Até parece piada, por ter feito uma rima, mas o que é facto é que de piada não tem nada, mas de sabor, aiiiiiii.

O Post it Amarelo partilho mais uma das suas receitas comigo e eu achei que devia partilhar convosco. Aqui fica.

“Gosto de cozinhar.

Feriado em casa é automaticamente sinónimo de mais tempo para espreitar os food blogs da moda ou para me perder entre páginas, nos livros de culinária que abundam por cá. Uma vez por outra, apetece-me recriar os pratos que nos fazem babar nos bons restaurantes. Quase sempre tradicionais, quase sempre numa linha de aperfeiçoamento: o melhor arroz de pato ou um bacalhau à brás que não seja enjoativo. Depois, sobretudo à noite, ou com o calor, quero uma salada de frango que me saiba pela vida, ou uma combinação de vegetais que convença a família (são difíceis). Uma sopa diferente – no ano passado, andava louca por um caldo de caril que só eu e o meu irmão verdadeiramente apreciámos. Na maioria das vezes, porém, limito-me a inventar. Empadão de pato, com couve-flor em vez de batata, ou um risotto de cogumelos com um creme de soja capaz de fazer qualquer um delirar.

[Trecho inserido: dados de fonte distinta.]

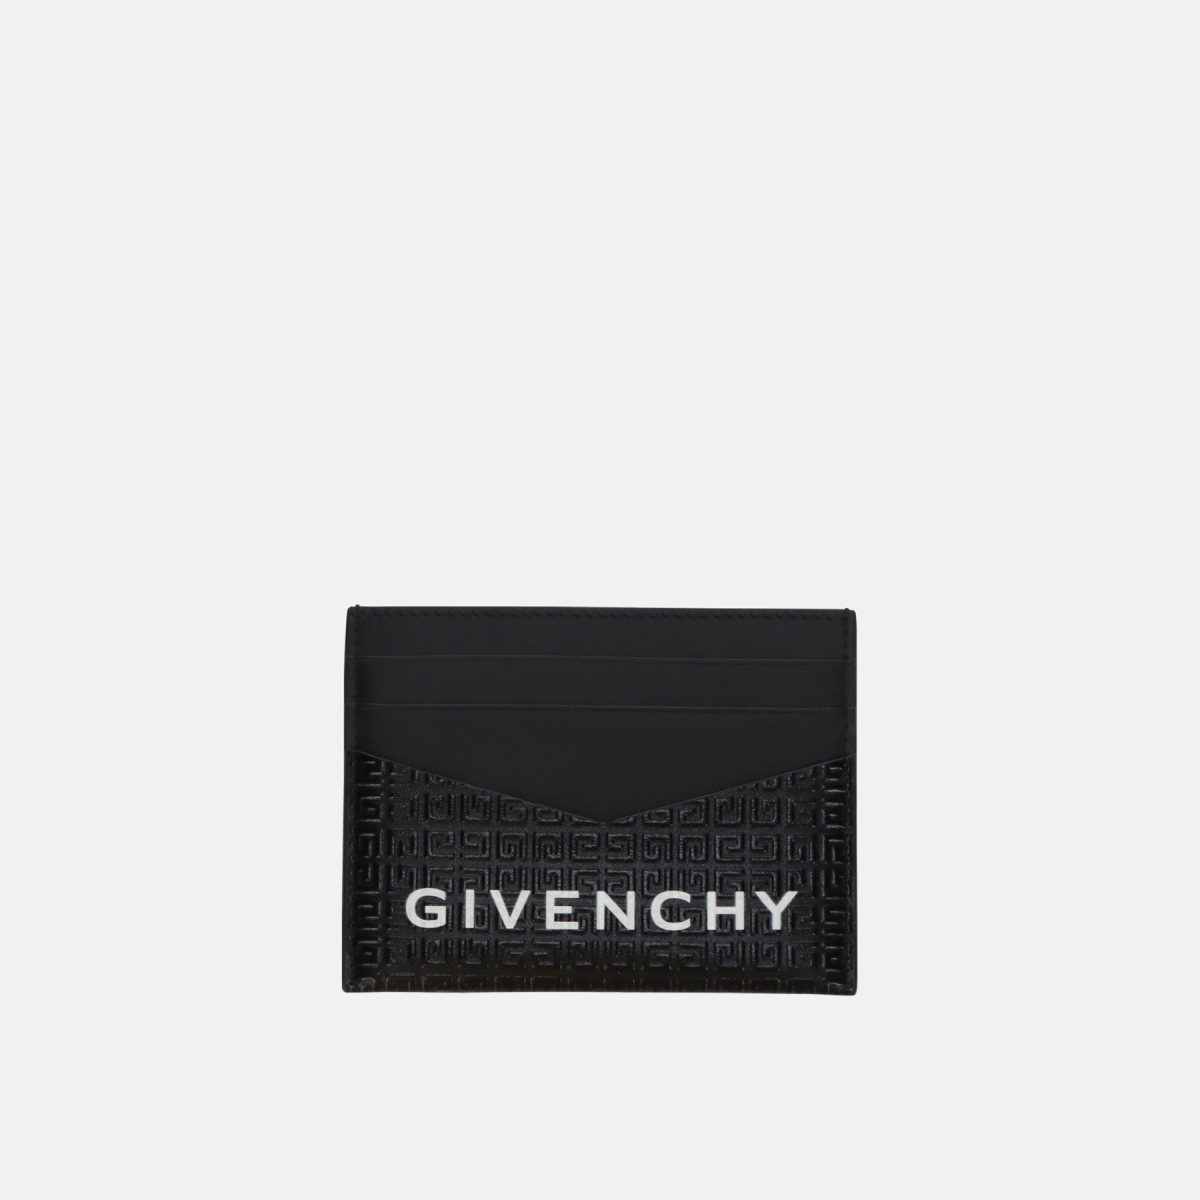 Givenchy card holder

Hoje, todavia, quis algo simples e que enchesse as medidas do matulão de metro e noventa que se juntou ao meu almoço. Hambúrguer com batatas fritas, o que mais? Fast food, but not so fast at all. Quarenta minutos para tudo, ingredientes frescos e um mega cogumelo portobello em vez da carne (para mim, que ele tem ainda muito receio da mudança). E eis o resultado:
As batatas:
Cortar em fatias gordas, de forma grosseira, depois de bem lavadas. Deixem a casca, poupa-vos trabalho e ficam perfeitas na mesma. Sal e pimenta no fim, as usual. 
A salada:
Tomate, pepino, alface (gosto daquela meio arroxeada nas pontas – não me lembro do nome) e nectarinas. Sim,nectarinas. Doces, suculentas e capazes de um toque inesperado numa combinação normal, temperada apenas com vinagre, quase nada de azeite, orégãos e sal grosso.
O ‘hambúrguer’:
Comprar pão daquele que não sabe a nada, mas que tem as sementes em cima, a lembrar os macdonalds desta vida. Reservar para mais tarde.
Lavar bem o cogumelo, besuntá-lo com tomate triturado e muito manjericão. Juntar uma colher de sobremesa demostarda e uma pitada de sal. O grelhador deve estar a aquecer ao lume, durante todo o processo. O cogumelo demora menos de cinco minutos a ficar no ponto, com algumas voltas pelo meio, para ficar bem passado e cheio de riscas dos dois lados. Vão esmagando com um garfo até estar bem fininho.
Já ouviram falar de fazer muita coisa ao mesmo tempo? Pois bem, esta é a receita ideal para o colocarem à prova. Enquanto o cogumelo ganha sabor no molho, e já depois de estar na grelha, deixem uma frigideira ao lado, com um fio de azeite (um fio real e não os rios de azeite que se vêem nos programas de TV) e passem por lá a cebola, cortada em tirinhas finas, até ficar translúcida. Juntem-lhe duas rodelas de beringela, quase sem espessura.
Estamos quase no fim! O cogumelo sai da grelha e entra o pão, que vai absorver os restos de tomate e ficar bem tostado, como se fosse outro. Não se esqueçam de colocar as duas fatias (de cima, e de baixo). Juntem-lhe uma fatia de queijo e sejam generosos aqui. Não é a este ponto da refeição que se vão preocupar com as calorias. Batatas fritas lá em cima, lembram-se? Usei daquele queijo que cortamos nós da bola, flamengo normal. Cortei o mais fino possível, que é sempre muito mais do que as fatias pré-cortadas. Suficiente, por isso! E não lamentavelmente triste como o outro (para este efeito, pois está claro). Ora o queijo vai para cima do pão, e é pressionado pelo garfo novamente. Lá fica até derreter, já com o cogumelo em cima. Quando o queijo começar a escorrer para o grelhador, está mais do que na hora de o passar para o prato.
Então, montar: pão, queijo, cogumelo, duas rodelas de tomate, beringela e a cebola dourada. Pão em cima, e um palito para agarrar tudo. Et voilá.
Quem precisa de ir comer fora?
E, a sério, quem precisa da carne aqui?”